On 2 April 2026, Thailand’s Public Relations Department published an official government statement naming the smuggling of fuel to Cambodia a threat to national security. Three days later, a nationwide poll found 66.26 percent of Thai respondents felt little or no sympathy for Prime Minister Anutin Charnvirakul’s government handling the energy and economic crisis. No court filing, no police case number, no navy seizure record, and no customs file has been made public to support the security allegation.
The sequence matters because it is documented. A government with a collapsing domestic legitimacy base reached for a Cambodia-facing security narrative in the same week its polling numbers published. Whether fuel was being smuggled is a separate question from whether a government under acute domestic pressure chose to announce a security threat against Cambodia before it had evidence to prove one.
The confidence figures released on 5 April by the National Institute of Development Administration, drawn from 1,310 interviews conducted 31 March to 1 April, are specific. Finance Minister Ekniti Nitithanprapas, the technocrat Anutin retained to manage fiscal response to the crisis, recorded a combined low-or-no-confidence figure of 77.48 percent: 40.38 percent of respondents reported no confidence at all, 37.10 percent not very confident. Commerce Minister Suphajee Suthumpun recorded 62.59 percent low or no confidence. Foreign Minister Sihasak Phuangketkeow recorded 59.77 percent. The three ministers were presented as a crisis-management credential when Anutin retained them in his cabinet endorsed by royal warrant on 31 March. The polling found no stabilising effect on public sentiment. A separate King Prajadhipok’s Institute poll, published on 3 April, found 82.1 percent of respondents had little or no confidence in the new administration’s ability to manage the economy if the Middle East conflict persisted.
The domestic context for these numbers is an energy shock of unusual severity. The conflict that began in late February 2026 disrupted tanker movements through the Strait of Hormuz, driving Brent crude to $115.66 per barrel when markets opened on 31 March. Thailand, a net importer of petroleum, faced eight retail price adjustments since mid-March, reaching a record 50.54 baht per litre for diesel by 5 April. The Oil Fuel Fund, the state buffer mechanism, was carrying a negative balance of 48,217 million baht, with diesel compensation running at approximately 1,442 million baht per day, according to PRD figures published on 2 April. The fund’s financial position means the government cannot sustain current subsidy levels indefinitely without a policy change it has not yet announced.

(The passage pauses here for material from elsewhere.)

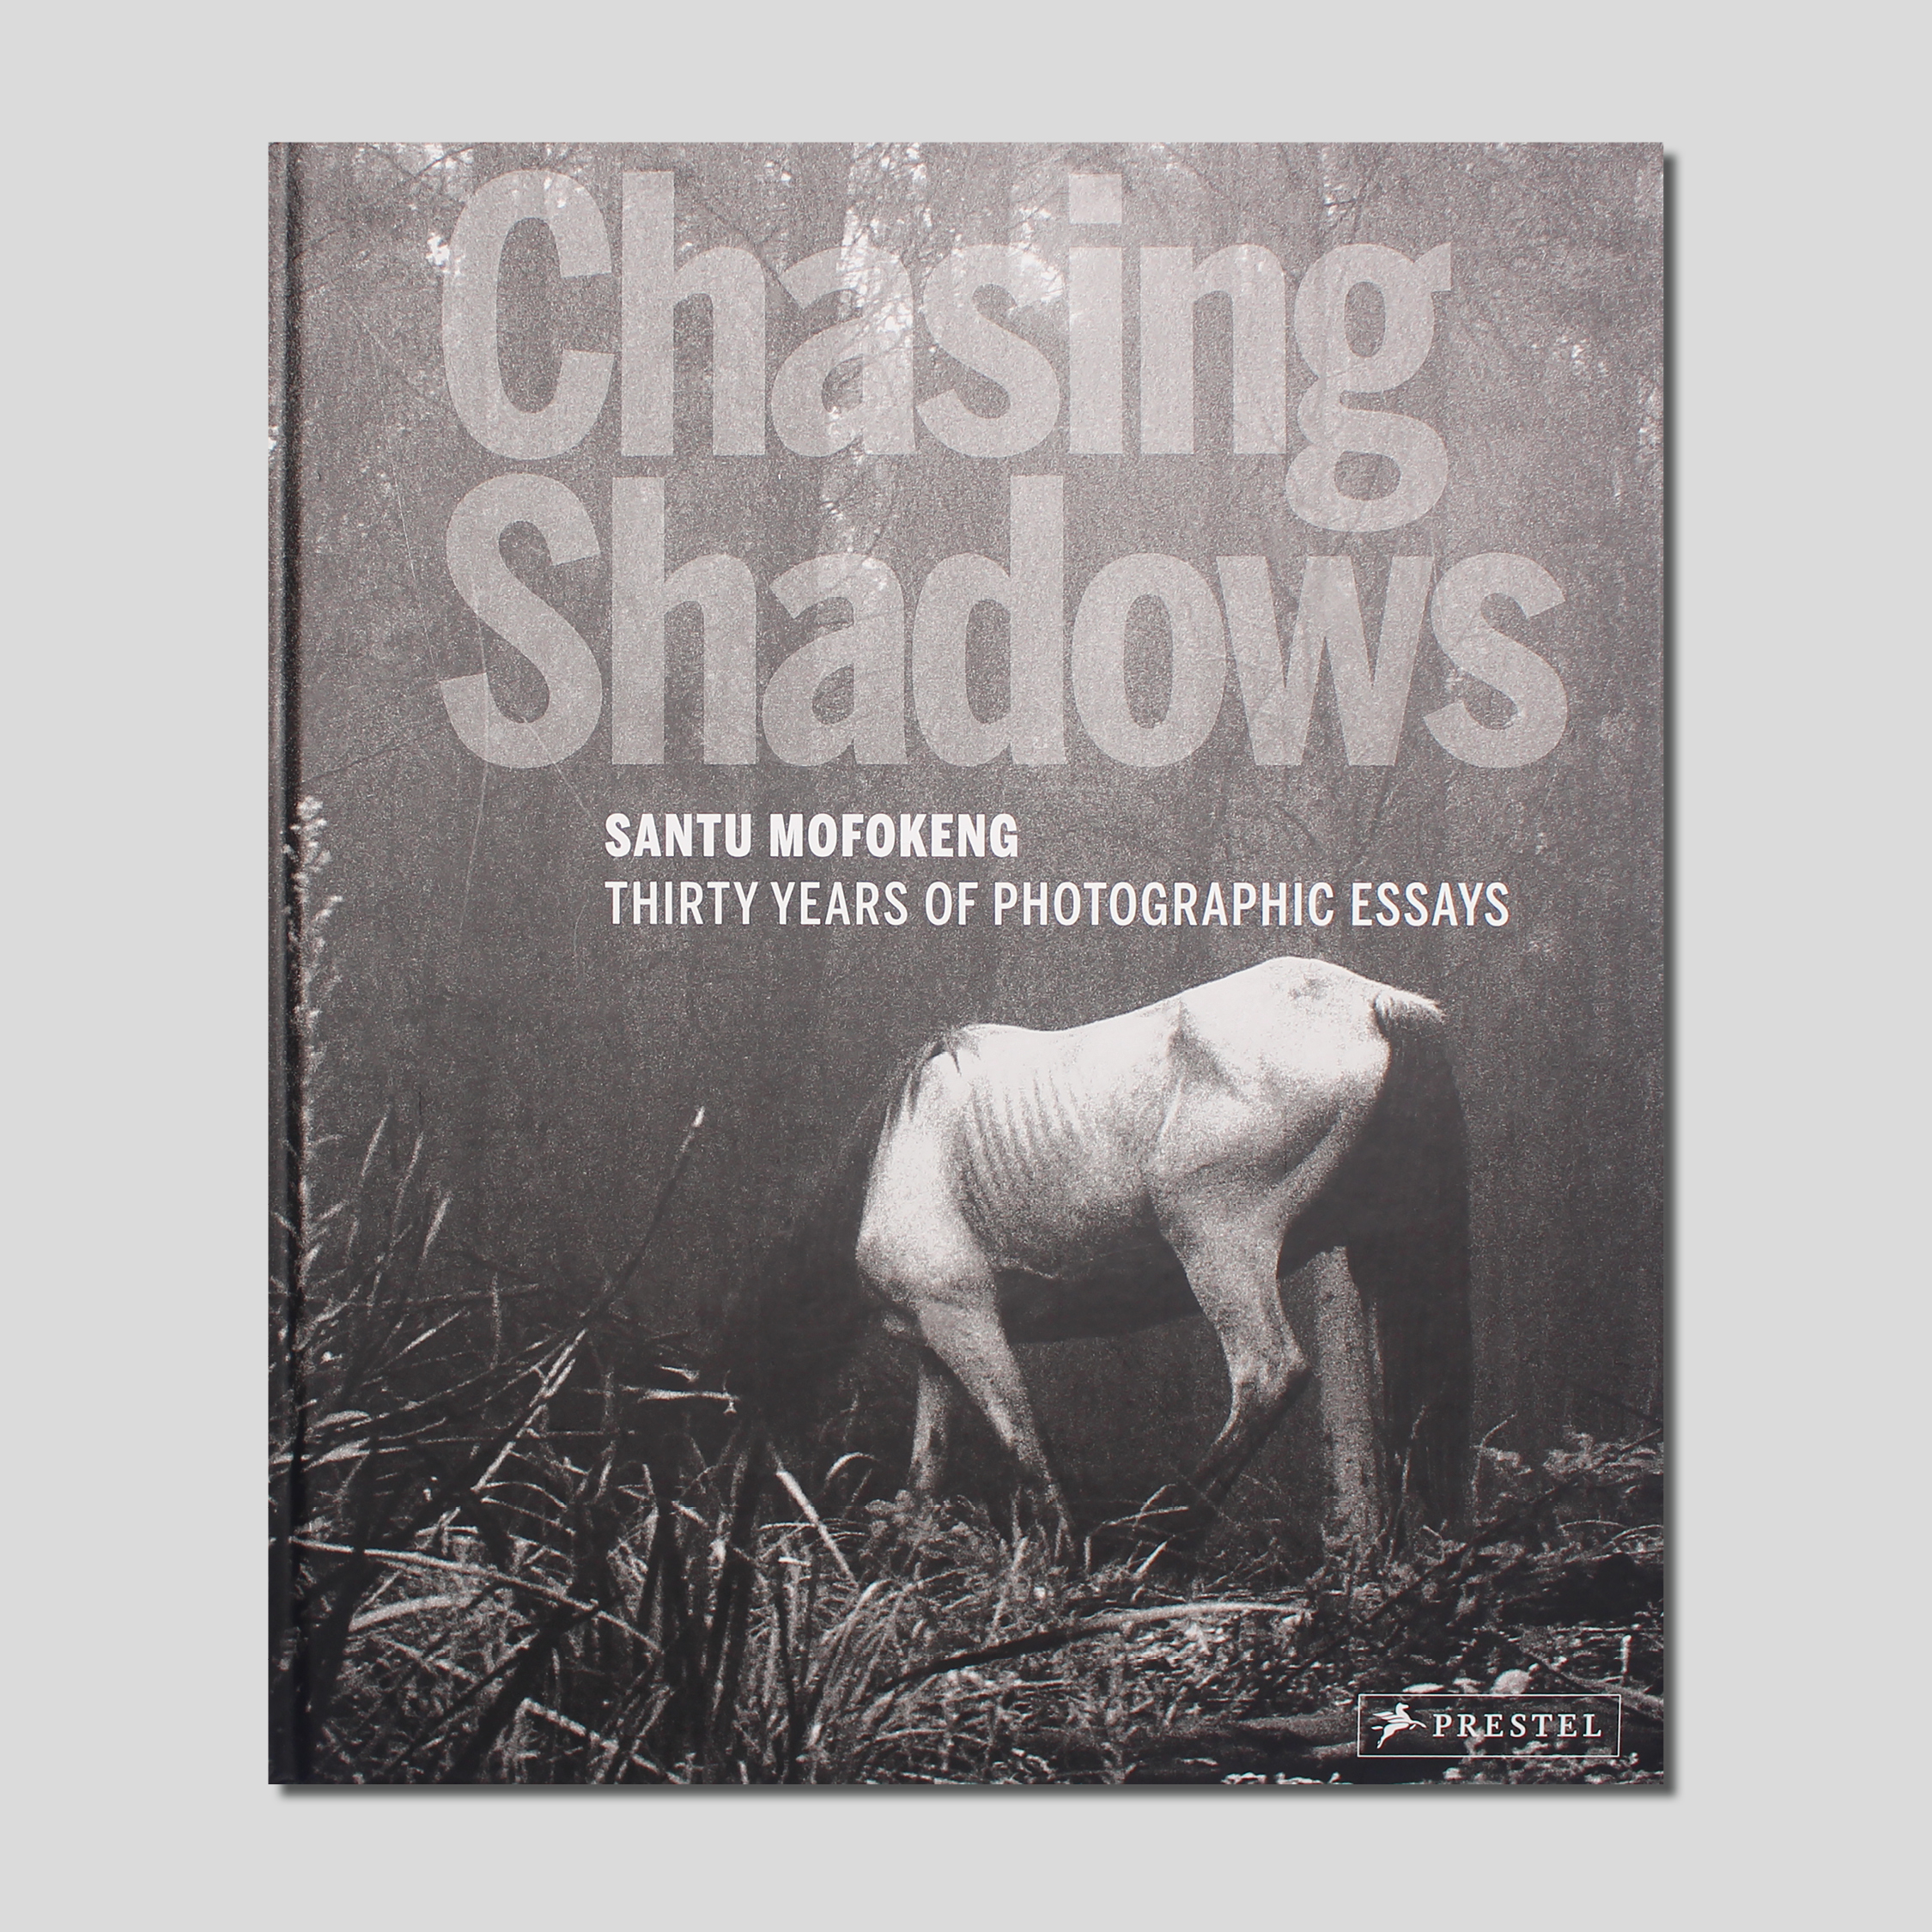 Chasing Shadows by Santu Mofokeng

The political deterioration is dated precisely. On 19 March, Anutin told reporters Thailand had no issues buying oil and that public confidence would be ensured. On 28 March, he issued a public apology for what Thai PBS described as turmoil in oil price management, acknowledging the conflict had proved more prolonged than his government had initially assessed. The nine-day distance between the assurance and the apology is on the record.
Into this environment, the PRD’s 2 April statement introduced Cambodia as the destination for fuel the government alleged was being smuggled out of Thailand. The language applied was a threat to national security. Anutin is reported to have ordered prosecutions. The statement did not address a contextual fact Reuters had reported on 18 March: that Thai-Cambodian fuel trade had already stopped following the bilateral border conflict, and that Cambodia was sourcing petroleum from Singapore and Malaysia because supply through Thailand had ceased. The Thai government’s statement named Cambodia as a smuggling destination while formal bilateral fuel trade between the two countries was not occurring.
Cambodianess, an independent Cambodian news outlet, reported on 3 April that Prime Minister Hun Manet ordered an investigation and said that if fuel companies were found to be involved, their licences had to be terminated. Energy Minister Keo Rottanak, who had previously coordinated Cambodia’s supply diversification to Singapore and Malaysia, was named to lead the inquiry. MQC has not independently verified the investigation’s current status against official Cambodian government sources.
The gap the PRD statement left open is Cambodia’s operational concern. The allegation is published and on the official record. The enforcement documentation that would confirm it seizures, prosecutions, chain of custody has not been published. If Thai enforcement subsequently produces case records, the analytical picture adjusts. On the present record: a government with a 66.26 percent low-or-no-sympathy rating named Cambodia a national security threat destination for an alleged criminal enterprise in the same week that figure was produced.
The strongest counter-reading is straightforward: the allegation and the confidence collapse are coincidentally timed. Fuel price shocks generate smuggling pressure at commodity borders; the absence of published case records reflects an enforcement process that is open, not a political construction that has none. Governments under legitimacy pressure also conduct routine law enforcement. That alternative is not ruled out by what is available. What the evidence does not support is the claim that the allegation’s political timing is irrelevant to how it should be read.
Thailand and Cambodia have bilateral mechanisms for fuel trade, border security, and economic coordination. None of those mechanisms were publicly invoked in the 2 April PRD statement. The statement named a national security threat. The enforcement record needed to prove it has not been published.